Adelaide Property Investment
The Adelaide investment property market still has further to fall before it hits rock bottom, according to valuation firm Herron Todd White (HTW) in its latest property market round-up.
Looking at the Adelaide property market over August, HTW valuers say the volume of both home and unit sales are declining while demand for new housing remains soft.
The latest report notes that new Adelaide houses and units are “almost never” sold at prices exceeding their potential resale value.
And the outlook for Adelaide into 2013 remains on the gloomy side.
“The Adelaide property market in the short term continues to be flat and limited growth is expected in the next 24 months,” says HTW in its latest report.
Despite reporting that capital values are still declining, the situation is not all bleak for property investors, with HTW reporting that it remains a balanced rental market for both houses and units, with the vacancy rate steady in the case of houses and “stable” for units.
Adelaide Hobart and Canberra are the only three capital city property markets still in a downswing.
According to HTW, the Adelaide market has been in decline for the past year.
Projections for 2013
The Adelaide detached housing market may be about to turn the corner but the unit market outlook is weaker with take up of new apartments remaining sluggish, according to the WBP Property Group.
The valuation and advisory firm places Adelaide houses at six o’clock on the property clock, indicating that the market has just bottomed out.
However, it says the unit market is still at five o’clock indicating that supply still exceeds demand.
WBP says the Adelaide residential market is showing “some signs of recovery, in particular well located stock that has realistic market expectations”.
"Property values appear to have stabilised in most parts of metropolitan Adelaide," says WBP.
However, it adds that recent announcements regarding BHP Billiton’s shelving of the Olympic Dam mining project expansion “may have a negative effect on the state economy and confidence”.
WPB says the Adelaide unit market is relatively flat “with a number of new unit apartment projects struggling to get off the ground as a result of lack of pre-sales and other funding issues”.
“Existing stock remains slow to move, with significant price reductions being experienced,” says WBP.

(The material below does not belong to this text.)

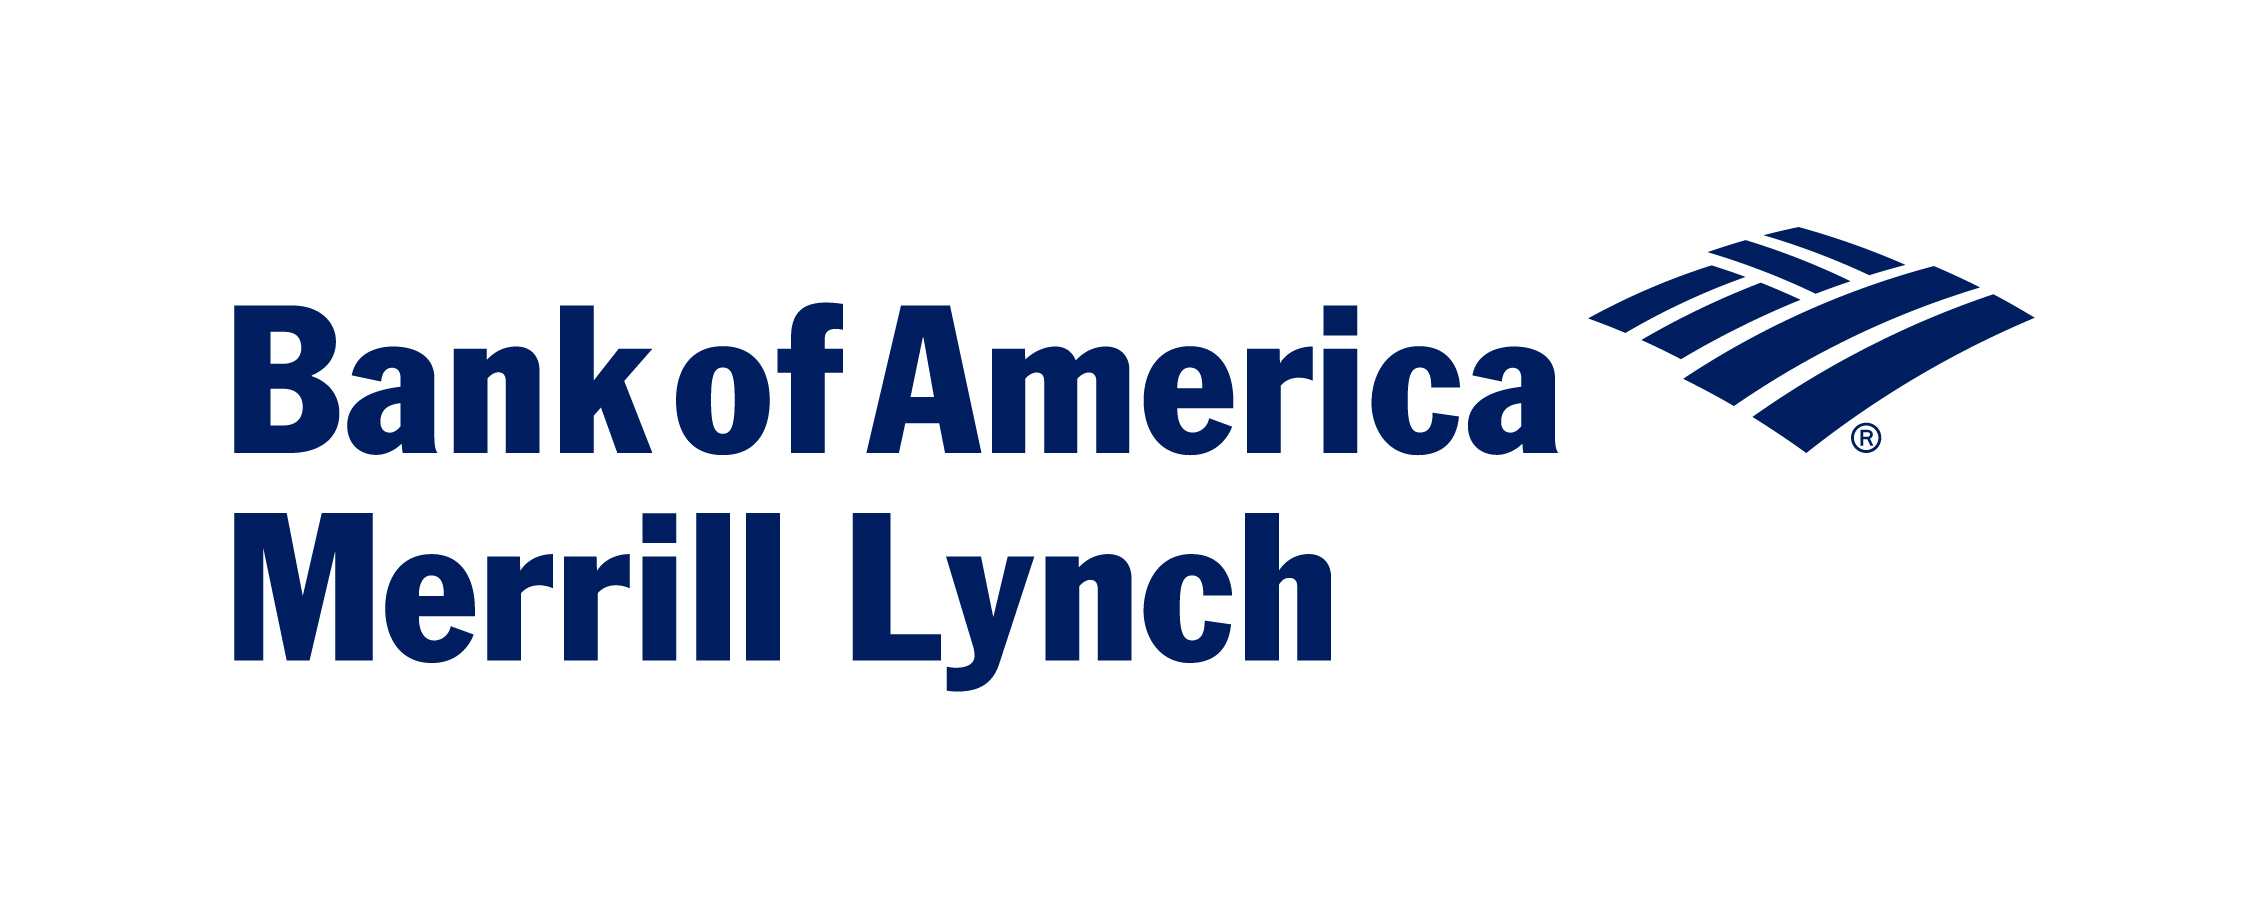 Bank of america online investing powered by merrill lynch planet money bet on bitcoin

One of the biggest Adelaide apartment projects is the recently announced Mayfield mix-used urban regeneration project in the heart of the CBD, which will feature 427 apartments – including one-, two- and three-bedroom residences.
“Ongoing stamp duty incentives will only help projects like this succeed,” says WBP.
Under a two-year trial, stamp duty has been abolished for people who buy an apartment off the plan for under $500,000, but only in the Adelaide CBD and North Adelaide.
The $240 million Mayfield project covers the 7,377-square-metre site of the former Mayfield Electrics factory bordered by Sturt, Gilbert, Norman and Myers streets and is being developed by Sturt Land, having been designed by architects Woods Bagot.
In her departing speech as presiding member Adelaide City Council Development Assessment Panel (DAP) earlier this month, Shanti Ditter said developers needed to build a variety of dwellings including those that cater for families.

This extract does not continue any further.